Most of the Alpine glaciers continue becoming smaller

2012 - 04 - 30
Most of the Alpine glaciers continue becoming smaller

The glaciers in the Austrian Alps  reduced by 17 metres in average last year. None of 95 glaciers being measured by the Austrian Alpine Club did not get bigger. The volunteers of this organisation found a loss at 97 per cent of them. The above-average temperatures of last summer contributed to it.

Fifteen glaciers, double amount compared to the year 2010, have got smaller by more than 30 metres, some of them even by 50 to 60 metres. From the biggest Austrian glacier Pasterze at the foot of Grossglockner there have melt away 40 metres.
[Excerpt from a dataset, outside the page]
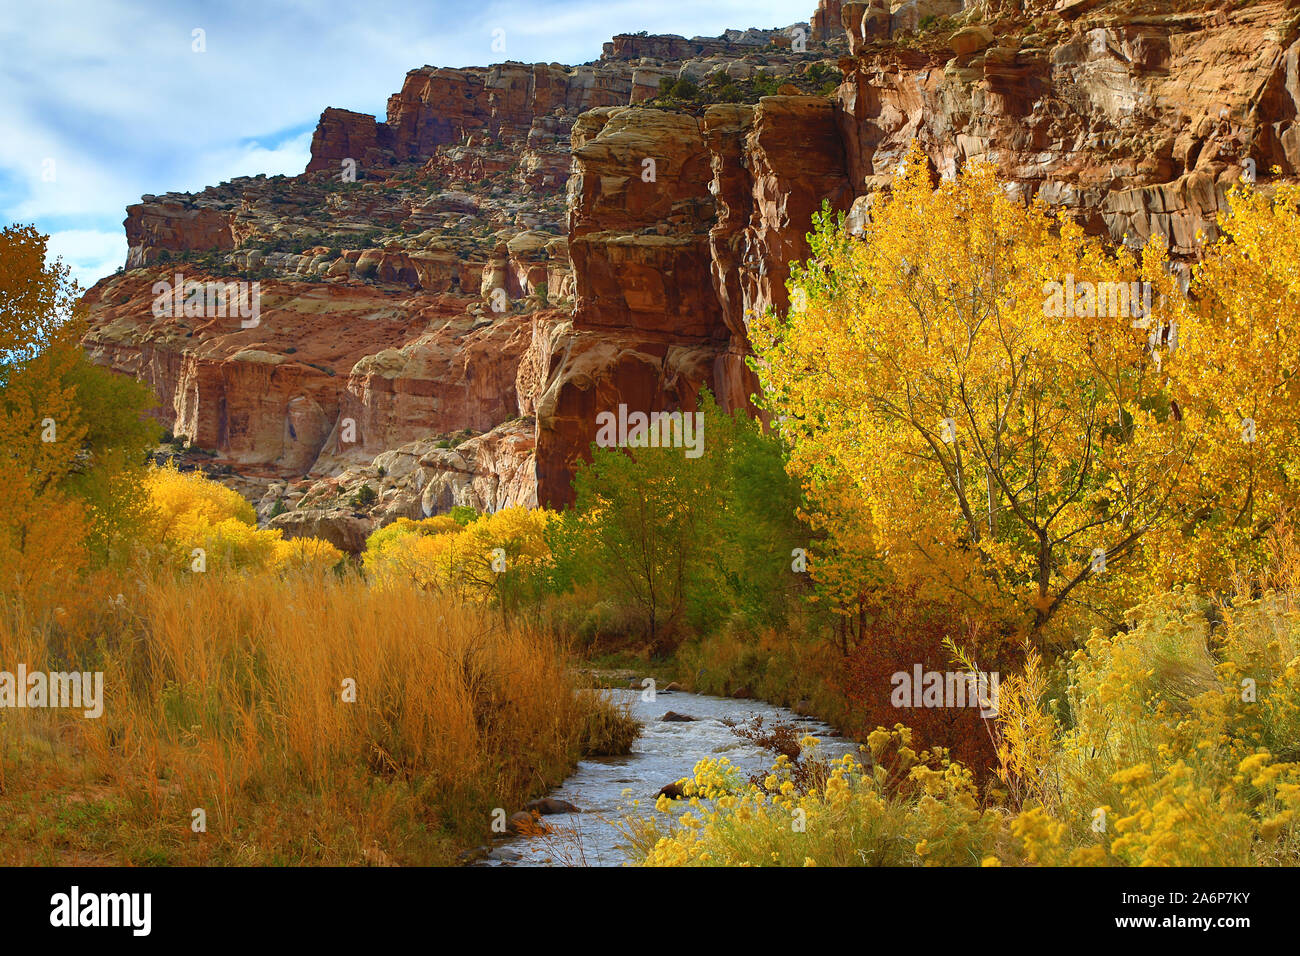 Esta es una vista de los colores del otoño a lo largo del río Fremont y acantilados de roca roja en el Parque Nacional Capitol Reef, Utah, EE.UU.. Foto de stock

In the Alps the climate changes cause the problems not only to the glaciers, but also to the mountains themselves. Swiss giant Matterhorn is falling into pieces because of the warming according to the findings out by local scientists, other mountain peaks are endagered, too.

The cycle of melting and freezing of a glacier mountain causes cracks in the surface of the mountain. If these are too big, whole pieces of the rock break off the mountain. And just this progress is much faster at Matterhorn than it has been supposed so far. German magazine Bild has informed that the temperature increase by a few degrees has a big influence on the mountains.

“So far we have been worried about the fate of the Alpine glaciers. New scientific findings out, however, show that even the most famous Alpine peaks are endagered. The climate change thus brings us much more problems than we were willing to admit a short time ago,“ commented the scientifique findings out Dalibor Dostal, the director of the European Wildlife conservation organisation.